Deferred Compensation Discussion

The Supplemental Plan was established for highly compensated employees who are limited as to the amount of deferrals allowed under the Company’s 401(k) plan. Participants must elect to defer salary prior to the beginning of the fiscal year and annual incentive pay prior to the beginning of the year to which the incentive payments relate. The first 6% of a participant’s base salary and bonus contributed to the Supplemental Plan, less any compensation matched under the 401(k) plan, may be matched from 25% to 50% by the Company based on years of service. The Company’s match vests 20% for each year of service up to 100% after five years. Participants may choose from several mutual fund-like deemed investments.

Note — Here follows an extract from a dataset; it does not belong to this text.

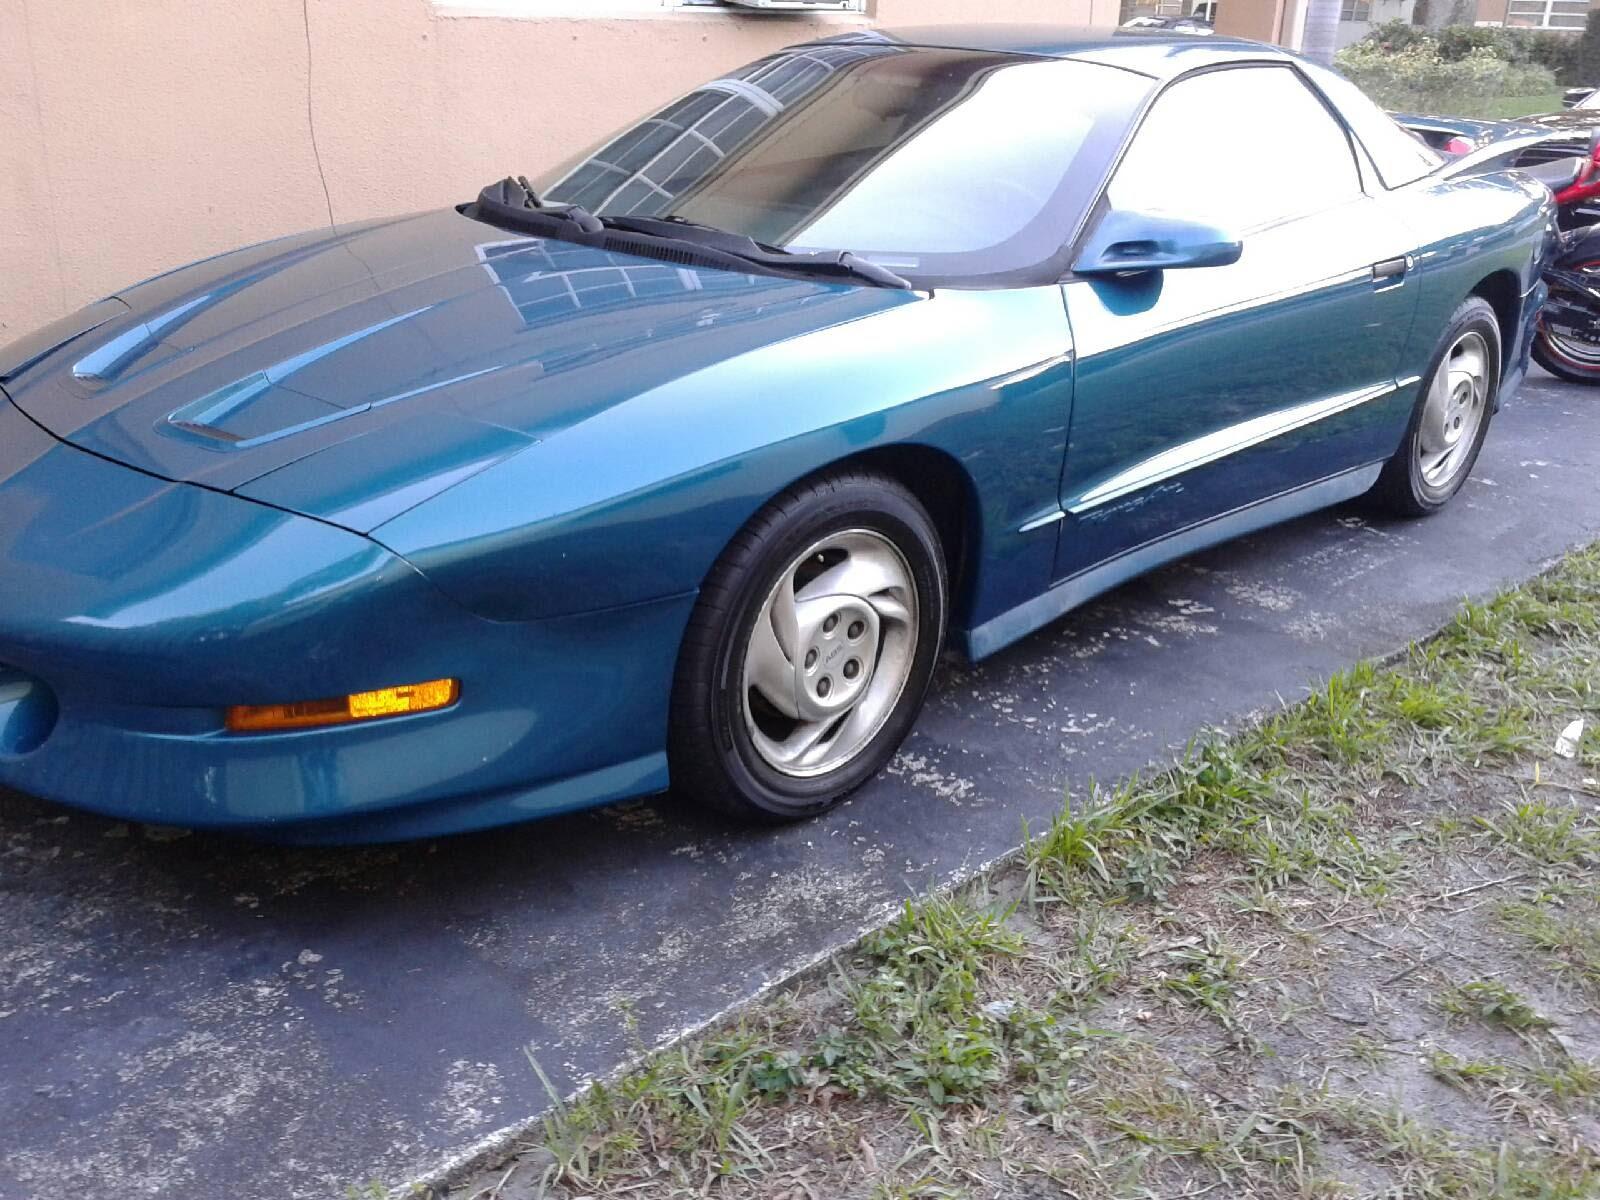 Used Pontiac Trans Am For Sale - CarGurus

If elected at the time of enrollment, participants may take an in-service distribution of deferrals three years after the end of the plan year in which the deferral was made. Amounts are paid out immediately on death or disability. Upon termination of employment, amounts in the Supplemental Plan are paid out beginning six months after termination of employment in lump sum or annual installments from one to 20 years according to election of the participant.

Each named executive officer participates in the Transition Compensation Plan which is an unfunded long-term plan whereby an amount equal to 10% of salary and annual incentive compensation is set aside in an account on the books of the Company. The account is credited monthly with an interest rate equivalent as determined annually by the HR Committee (5% for 2015). The account is payable to the participant in a lump sum or annual installments from one to 20 years, subject to compliance with the conditions set forth in footnote 3 to “All Other Compensation.”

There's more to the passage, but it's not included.